Yes, we're now running our Black Friday Sale. All Access and Pro are 33% off until 2nd December, 2025:
How to Serialize and Deserialize Dates in Avro
Last updated: April 15, 2025
1. Introduction
In this tutorial, we’ll explore different approaches to serializing and deserializing Date objects in Java, using Apache Avro. This framework is a data serialization system that provides a compact, fast, binary data format along with schema-based data definition.
When working with dates in Avro, we face challenges because Avro doesn’t natively support the Java Date class in its type structure. Now, let’s look at the challenge with Date serialization in more detail.
2. The Challenge With Date Serialization
Before we get started, let’s add the Avro dependency to our Maven project:
<dependency>
<groupId>org.apache.avro</groupId>
<artifactId>avro</artifactId>
<version>1.12.0</version>
</dependency>
Avro’s type system consists of primitive types: null, boolean, int, long, float, double, bytes, and string. In addition, the supported complex types are: record, enum, array, map, union, and fixed.

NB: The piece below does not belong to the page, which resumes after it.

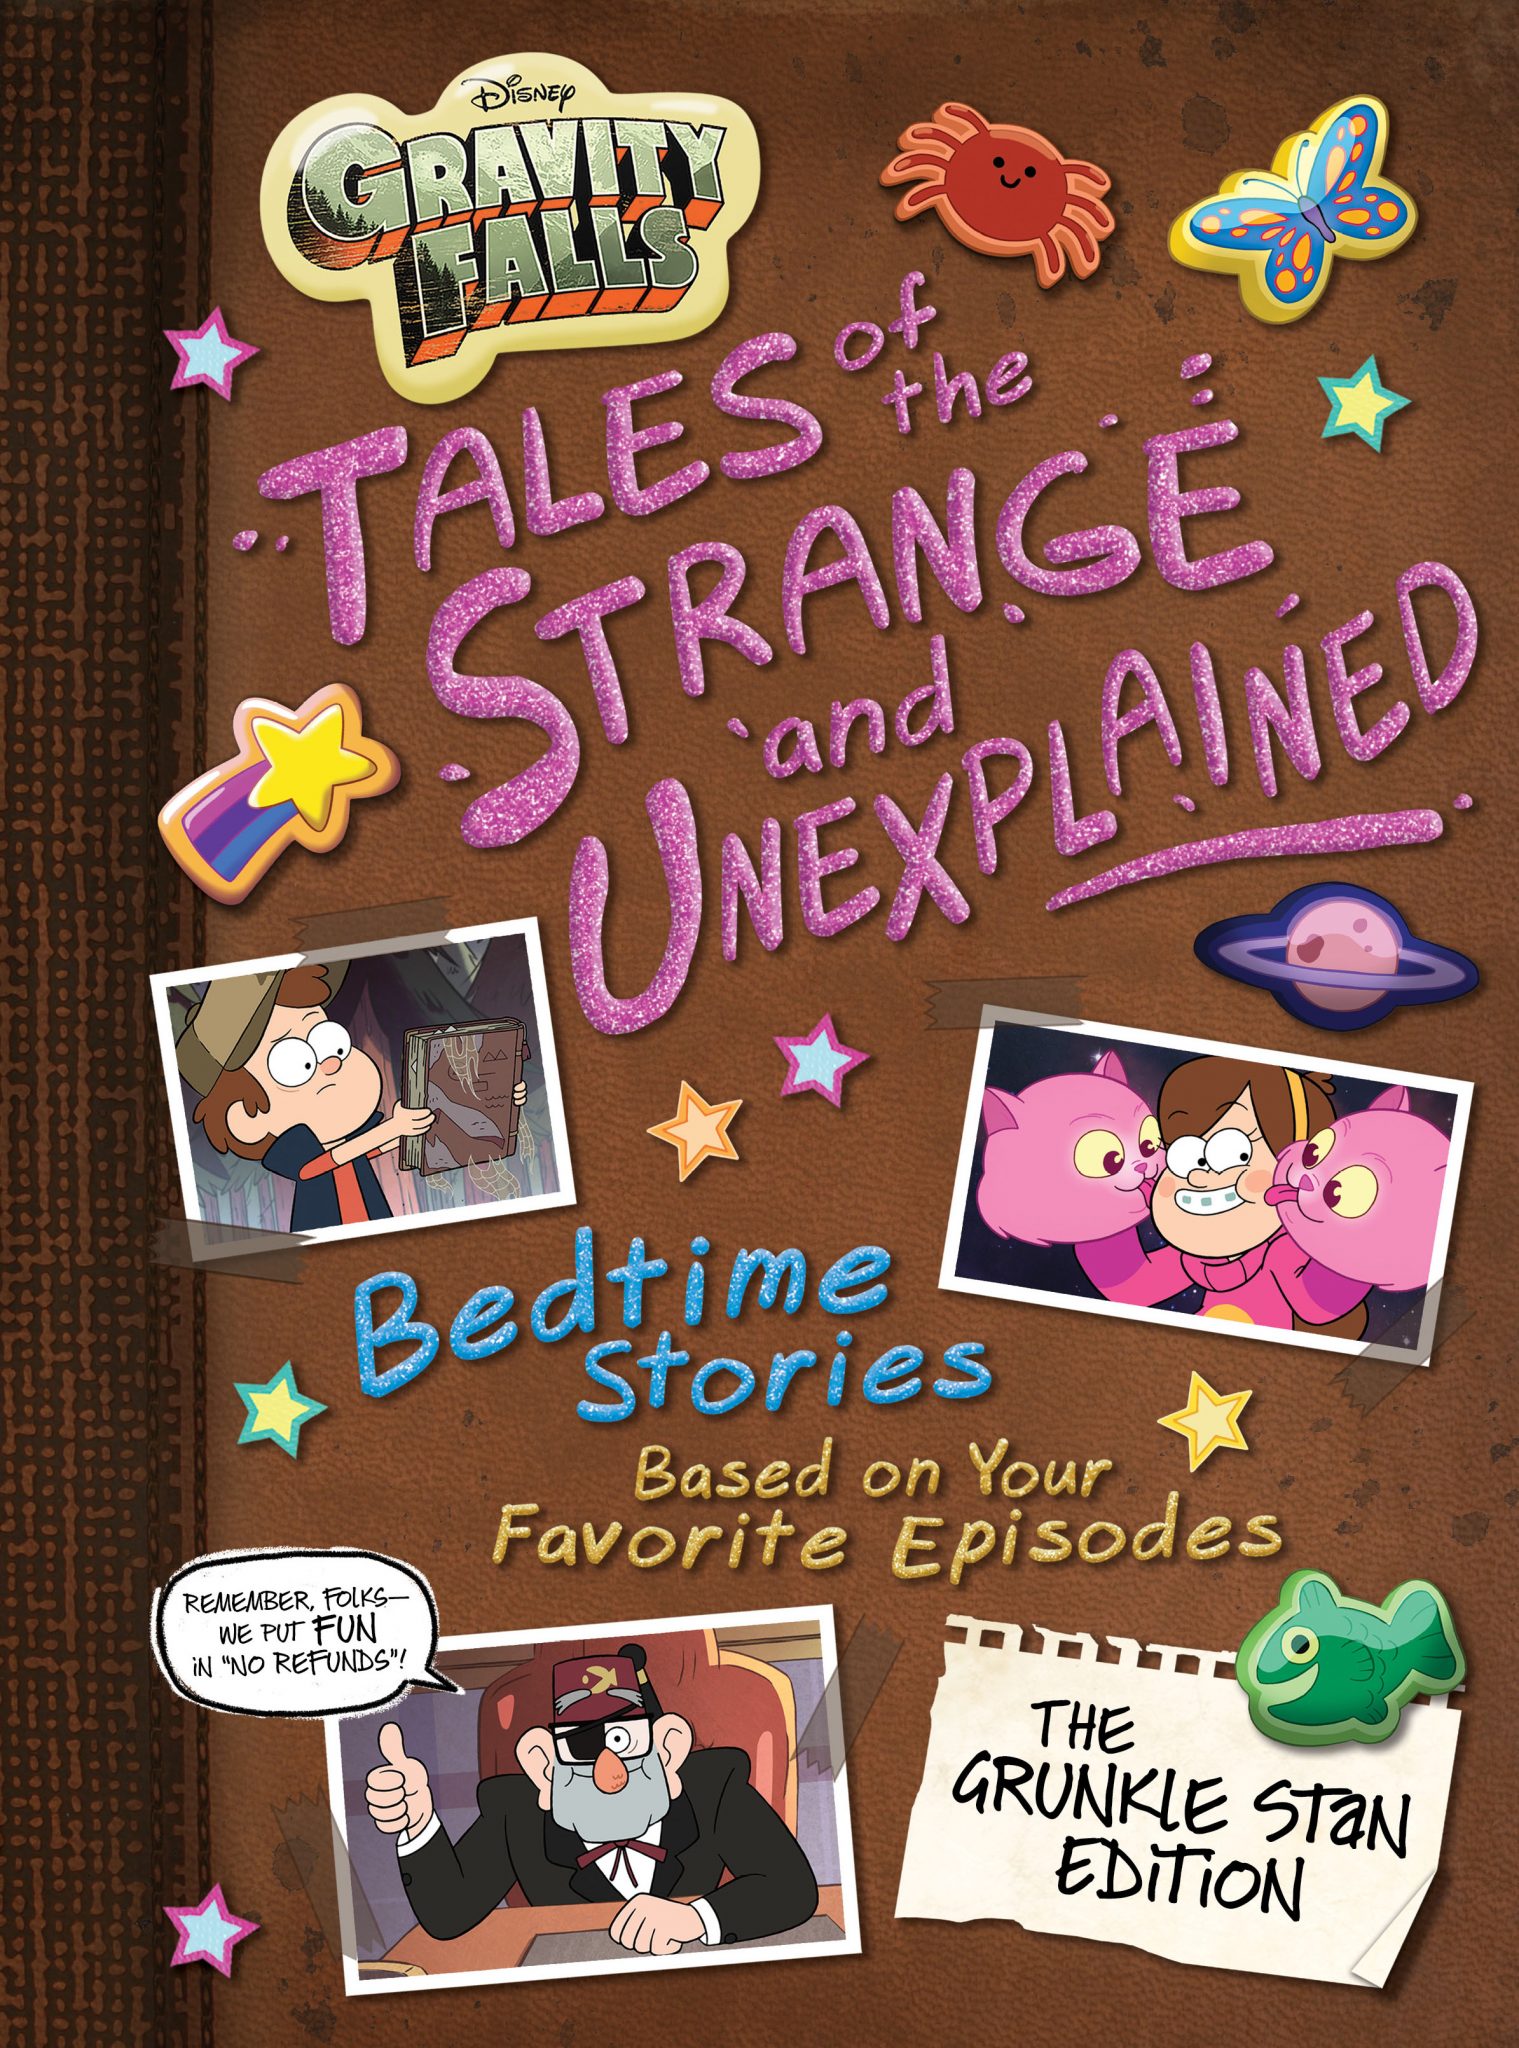 Gravity Falls Tales of the Strange and Unexplained (Bedtime Stories

Now, let’s look at an example of why date serialization can be problematic in Avro:
public class DateContainer {
private Date date;
// Constructors, getters, and setters
}
When we try to directly serialize this class using Avro’s reflection-based serialization, the default behavior converts internally the Date object to a long value (millisecond since epoch).
Unfortunately, this process can lead to precision issues. For example, the deserialized value could be off by a few milliseconds from the original counterpart.

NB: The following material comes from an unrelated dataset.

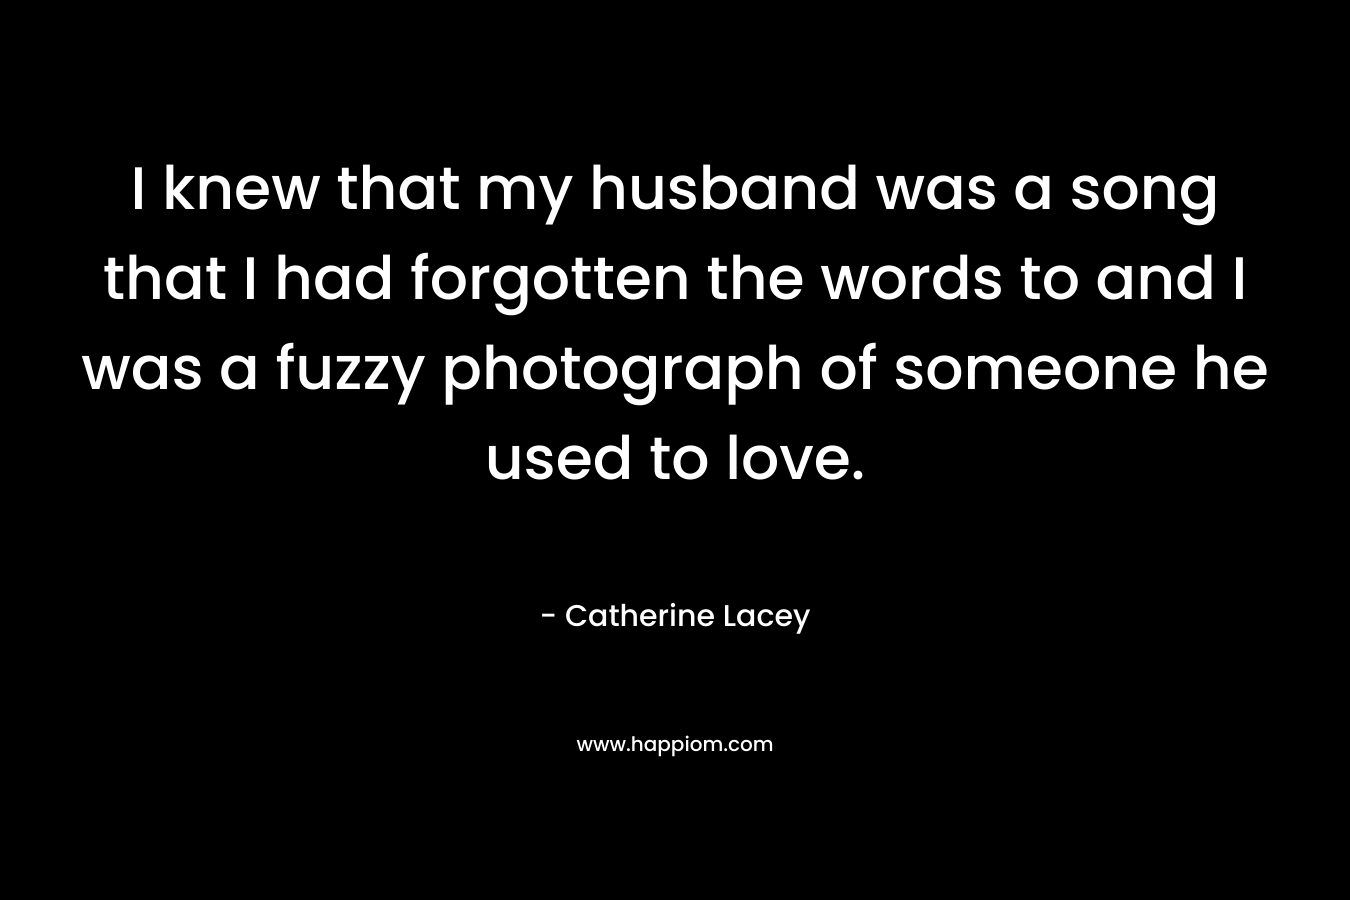 I knew that my husband was a song that I had forgotten the words to and I was a fuzzy photograph of someone he used to love. – Catherine Lacey

3. Implementing Date Serialization
Next, we’ll implement Date serialization and deserialization using two methods: using logical types with GenericRecord and using Avro’s Conversion API.
3.1. Using Logical Types With GenericRecord
Since Avro 1.8, the framework provides logical types. These add the necessary and appropriate meaning to the underlying primitive types.
As such, for dates we have three logical types:
- date: represents a date without time. It’s stored as an int (days since epoch).
- timestamp-millis: represents a timestamp with millisecond precision, stored as a long
- timestamp-micros: represents a timestamp with microsecond precision, stored as a long
Now, let’s see how to use these logical types in an Avro schema:
public static Schema createDateSchema() {
String schemaJson =
"{"
+ "\"type\": \"record\","
+ "\"name\": \"DateRecord\","
+ "\"fields\": ["
+ " {\"name\": \"date\", \"type\": {\"type\": \"int\", \"logicalType\": \"date\"}},"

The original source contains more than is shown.